The two big events during Nokia’s first quarter was the announcement that it will move to Microsoft’s Windows Phone as its main smartphone operating system and the earthquake in Japan.
Nokia and Microsoft have now signed a definitive agreement.
Microsoft will receive a royalty payments from Nokia for the Windows Phone platform, starting when the first Nokia products ship.

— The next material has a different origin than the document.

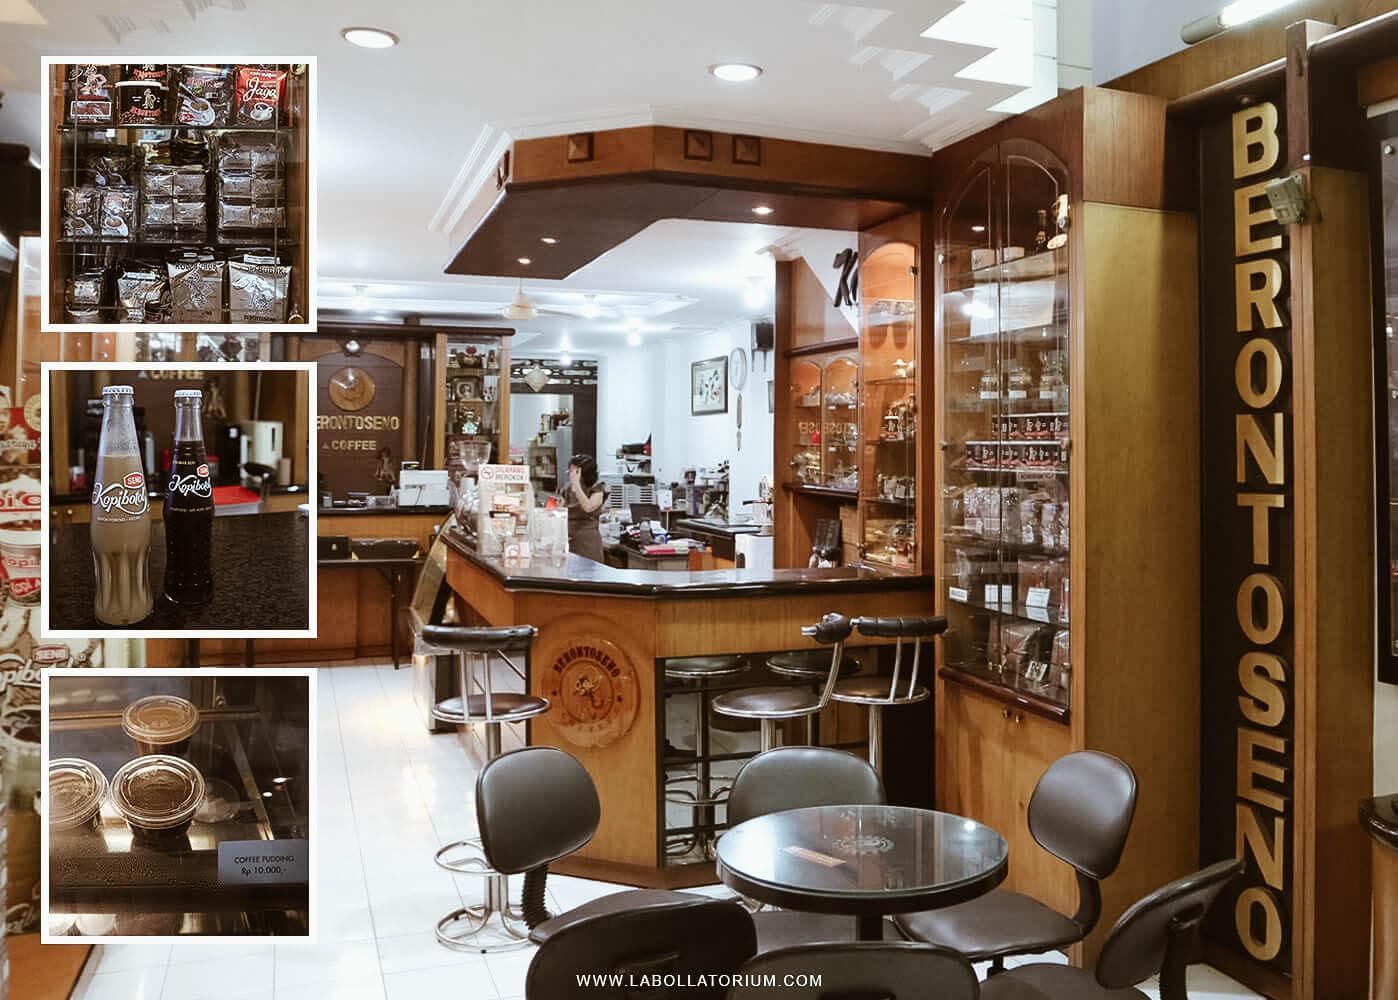 Kopi Berontoseno Kediri - 7 Tempat Recommended Saat Explore Kediri Circa 2017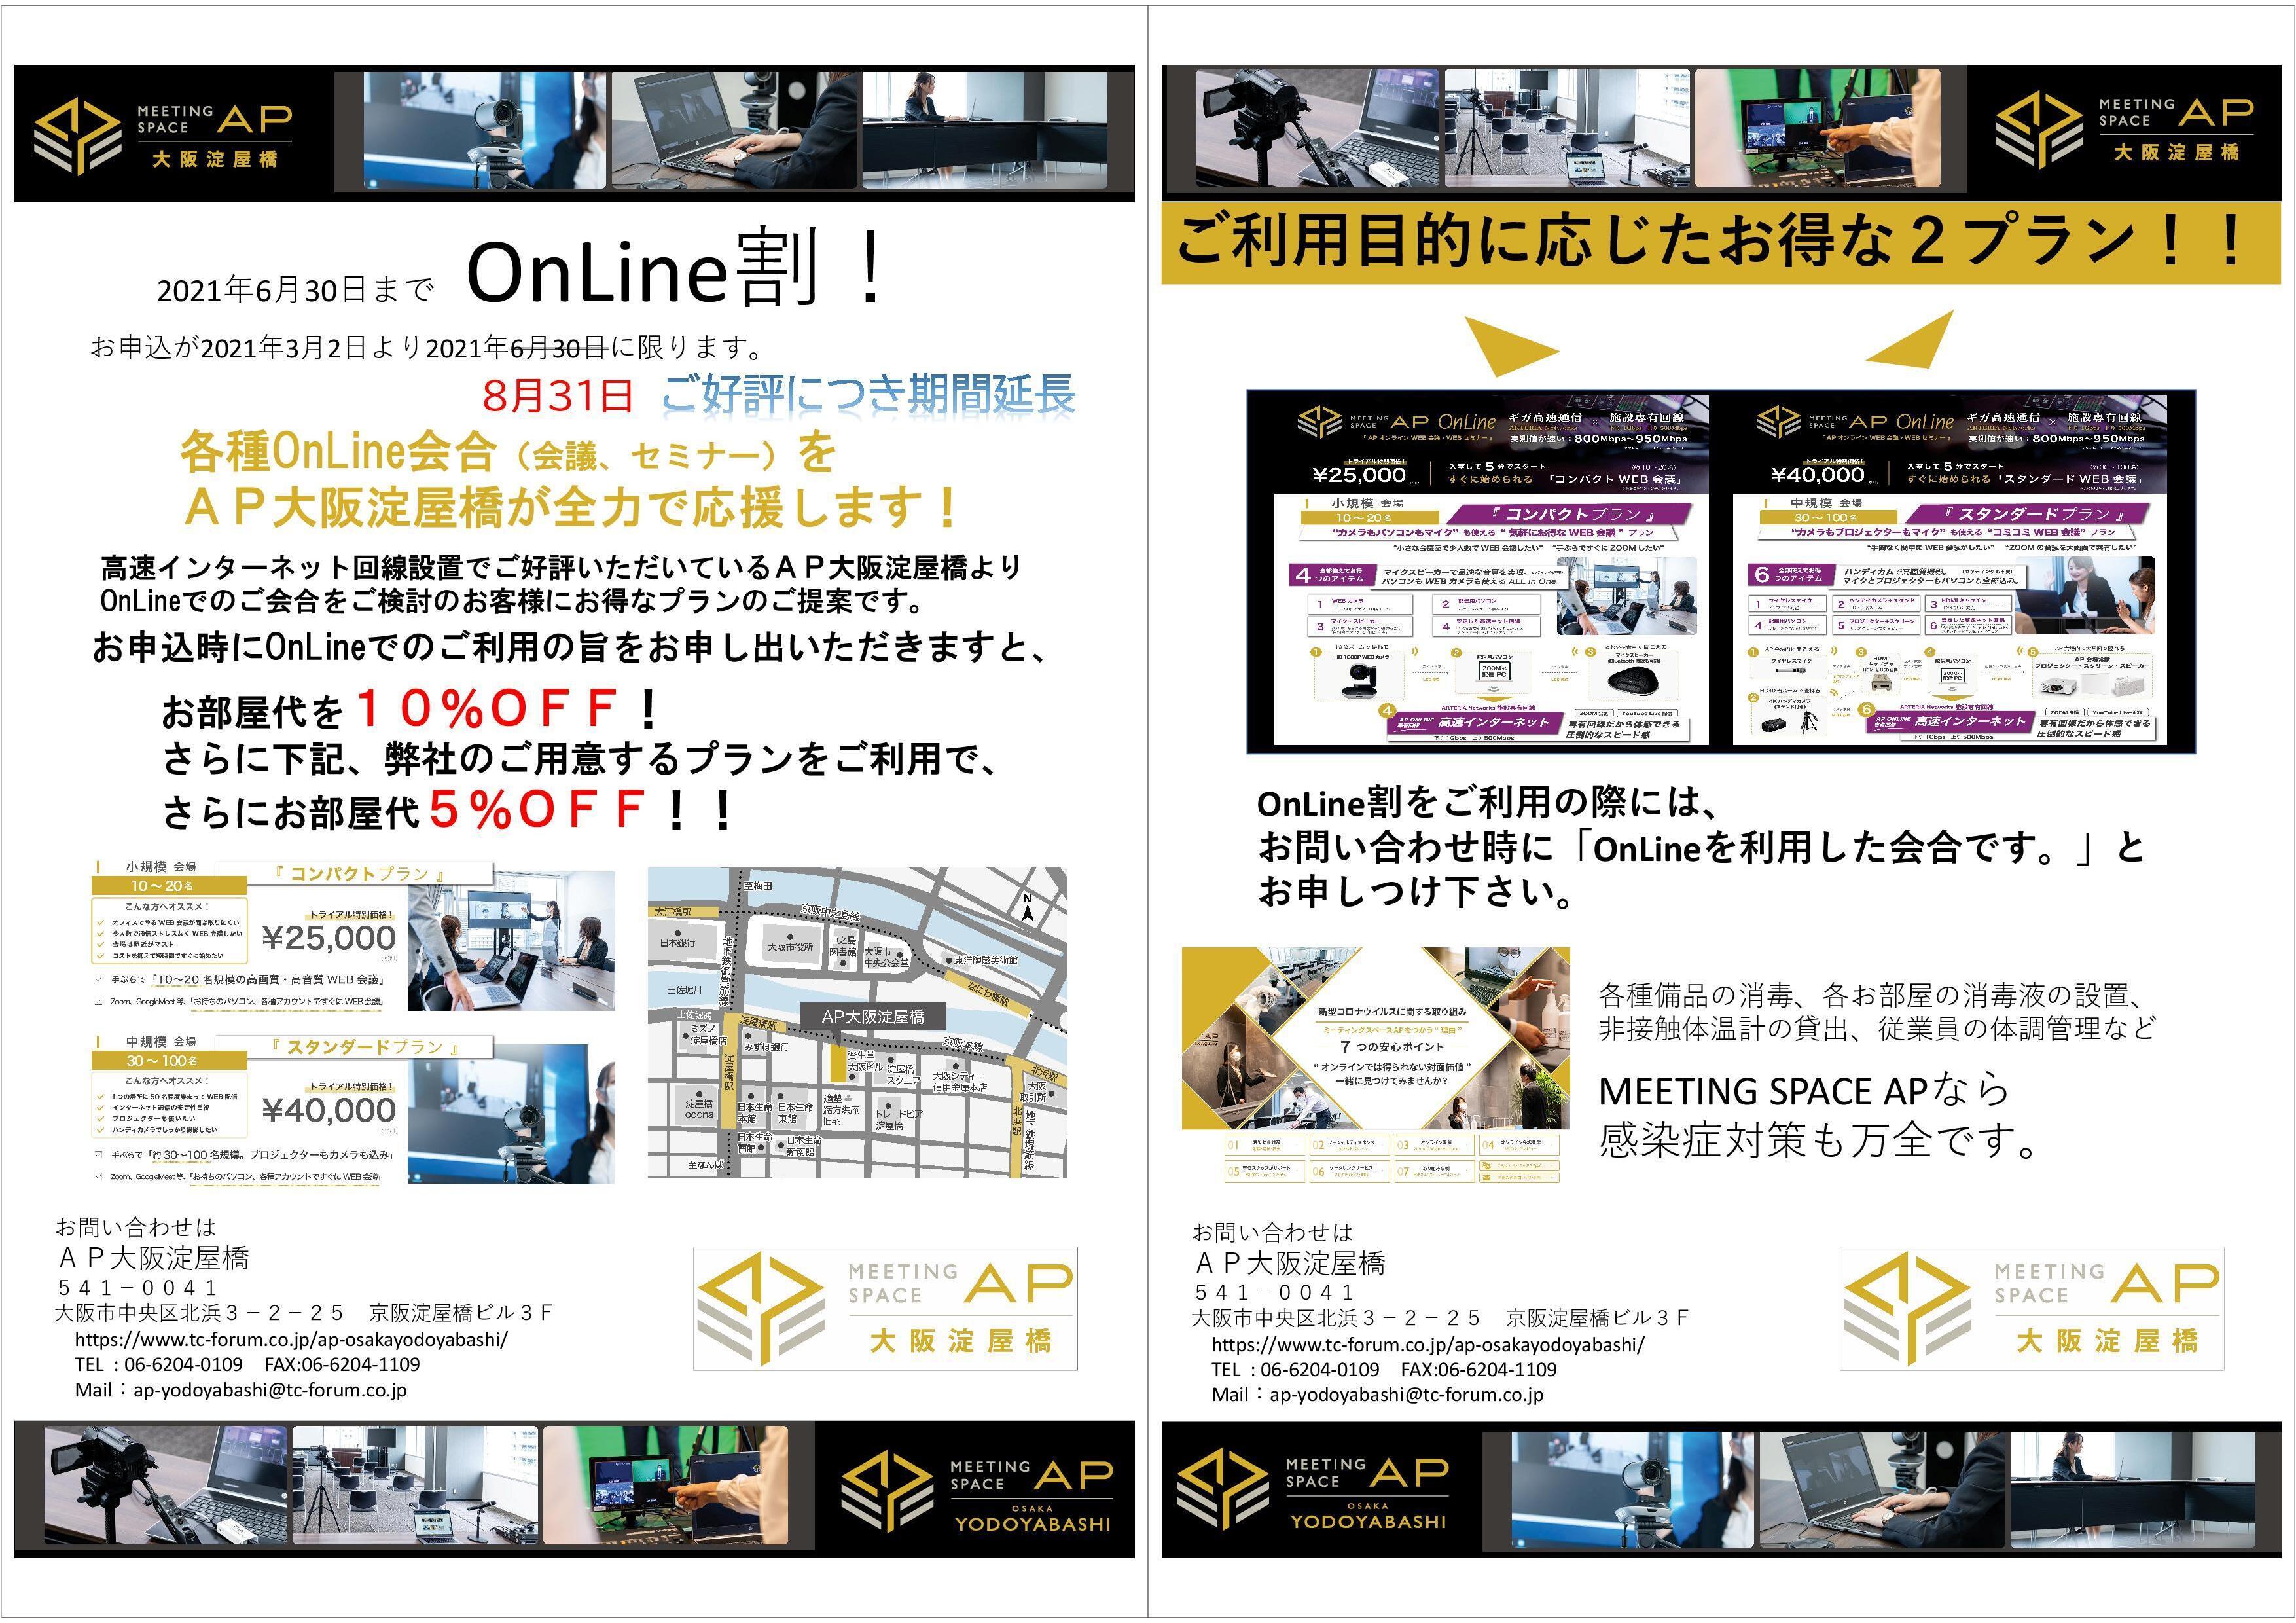 OnLine割チラシ(期間延長Ver).jpg

Nokia will contribute mapping, navigation, and some location-based services to the Windows Phone ecosystem, and will receive payments “in the billions of dollars,” Nokia said in a statement on Thursday.
Nokia’s goal is to start shipping larger volumes of Windows Phone-based smartphones in 2012. Nokia also plans to launch its own application store, where developers will be able to sell apps for Windows Phone, Symbian and Series 40 devices, it said.
Before the arrival of the first Windows Phone-based smartphones Nokia will have to rely on its existing platforms, including struggling Symbian — for which the company continues to develop and release products currently.
The company sold 108.5 million phones during the first quarter, including 24.2 million smartphones; up 1 percent and 13 percent year-on-year, respectively.
That resulted in Nokia’s overall market share dropping to 29 percent in the first quarter, down from an estimated 33 percent in the first quarter of 2010. The company’s smartphone market share dropped from 41 percent to 26 percent, according to preliminary estimates from Nokia.
The impact of the Japanese earthquake on sales was small during the first three months of 2011, according to a spokesman. But it will have a negative impact on Nokia’s sales not only during the second quarter but also through the third quarter, at least, it said.
Earlier this week, Sony Ericsson also highlighted problems it is facing as a result of the quake in the coming quarters.
Nokia’s average sales price mobile per phone was €65 in the first quarter, up from €62 year-on-year, helped by the growth in smartphone sales. But at the same time, the average sales price per smartphone dropped by 6 percent to €147 during the same time period, thanks to general price erosion and an increase in the number of cheap converged mobile devices.